Deb Collins has been in musical theatre for 30 years. She must have started early, as Judy did. She wrote the story herself in 1999 and has performed it a number of times. As the life of Judy Garland unfolds, Debbie delights her audience with songs, with dances and with great story telling.

Judy was born, Francis Gumm, hardly a name you’d expect to see up in lights. In time, with the performer George Jessel giving his opinion, she was reborn as Judy Garland.

Both her parents were on stage, vaudeville style and they were overly ambitious for their three gifted daughters who always appeared as a threesome, but in time Judy was the one the audience liked best. She was the smallest and still very young. She was only two the first time she walked on stage.

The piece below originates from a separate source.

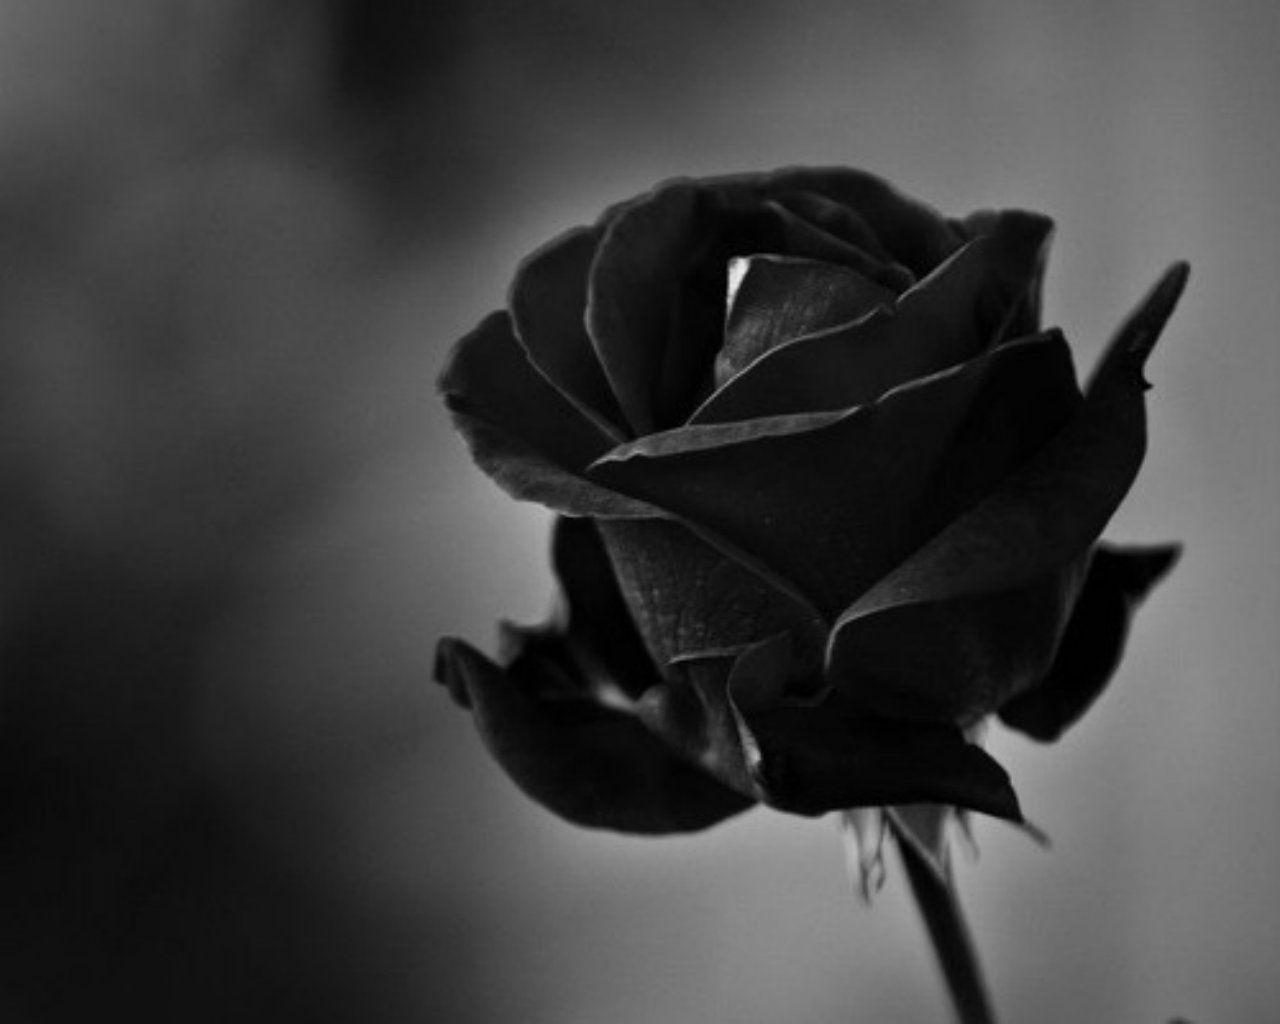 Black Rose Wallpapers Top Free Black Rose Backgrounds Wallpaperaccess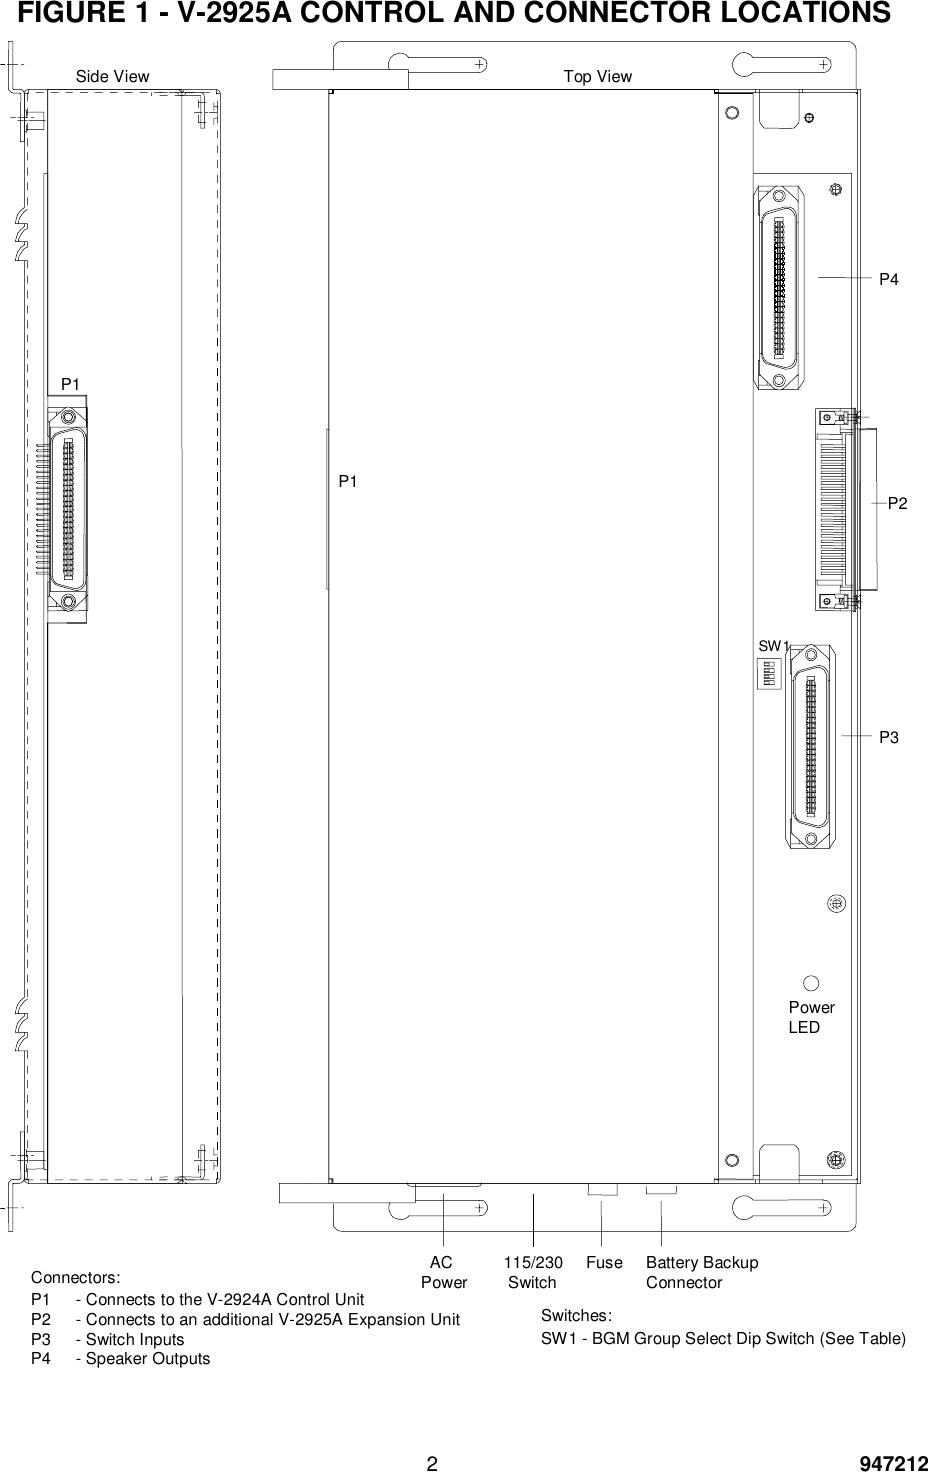 Outstanding Valcom Intercom System Vsp V 2925A Users Manual Wiring 101 Olytiaxxcnl

As a single act she performed constantly, and sadly, the stress and exhaustion of the entertainment world caught up with her. So her mother, Ethel Gumm, unwisely and tragically gave her “pep” pills, drugs, so she wouldn’t lose her energy. This happened often enough to lay the foundation for Judy Garland’s chronic drug addiction that led to her early death in 1969 at age 47.

But Debbie Collins doesn’t dwell on this as she sings the many songs that Judy Garland made so popular, remember ‘Meet Me in St. Louis, Louis’, ‘The Easter Parade’, and ‘Zing Went the Strings if My Heart’. Judy didn’t just sing in the movies. She gave  concert in Carnegie Hall which is considered legendary.

The accompanist for the event was Michael Leach sitting with his piano at one side of the stage. Sometimes while playing, he would take a small role in one of Debbie’s songs, making appropriate gestures and also harmonizing with Deb.’The program lasted two hours but it went very quickly because we were all having such a good time. And what should we have at the very end, of course, ‘Somewhere Over the Rainbow’.